Melamphaus is an Old World genus of true bugs in the family Pyrrhocoridae, mostly found in Asia. They are often confused with bugs in the family Lygaeidae, but can be distinguished by the lack of ocelli on the head.

==Description==
The genus has adults with large and characteristic oval shape and the body is densely covered in short hair. The head behind the eye narrows slightly and the eyes are at a distance from the fore edge of the pronotum. The edge of the pronotum is not extended to the sides or bent down. The metathoracic scent gland has an ostiole with a peritreme and a deep furrow. The sutures on the underside of the abdominal segments between 4 and 5; and between 5 and 6 are strongly curved forwards.

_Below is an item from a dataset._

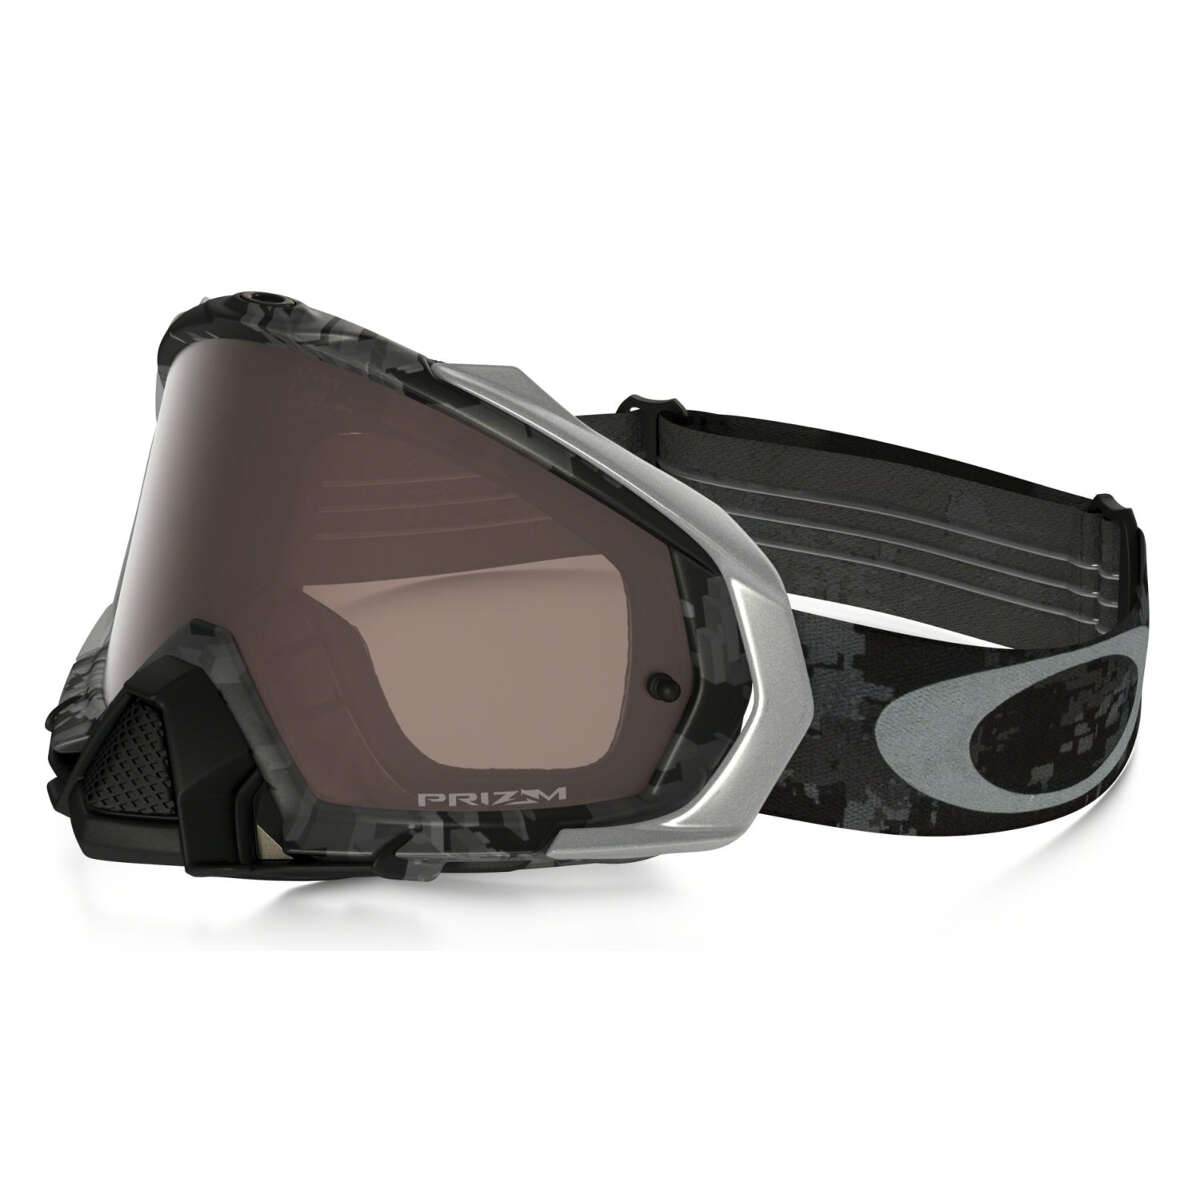 Oakley Goggle Mayhem Pro MX James Stewart Signature: Stealth Camo - Dark Grey Anti-Fog

Many species may swarm seasonally on seeds of specific trees. Melamphaus faber is known to be found in large numbers on Hydnocarpus castaneus [as H. anthelmetica] and H. wightiana in Singapore. In Indonesia, Melamphaus faber have a specialist predator: Raxa nishidai.

==Species==
William Lucas Distant originally included only 2 species in this genus:
- Melamphaus agnatus (Bergroth, 1894)
- Melamphaus faber (Fabricius, 1787)
- Melamphaus fulvomarginatus (Dohrn, 1860)
- Melamphaus komodoensis (Kirichenko, 1963)
- Melamphaus rubrocinctus (Stål, 1863)
- Melamphaus vicinus (Schmidt, 1932)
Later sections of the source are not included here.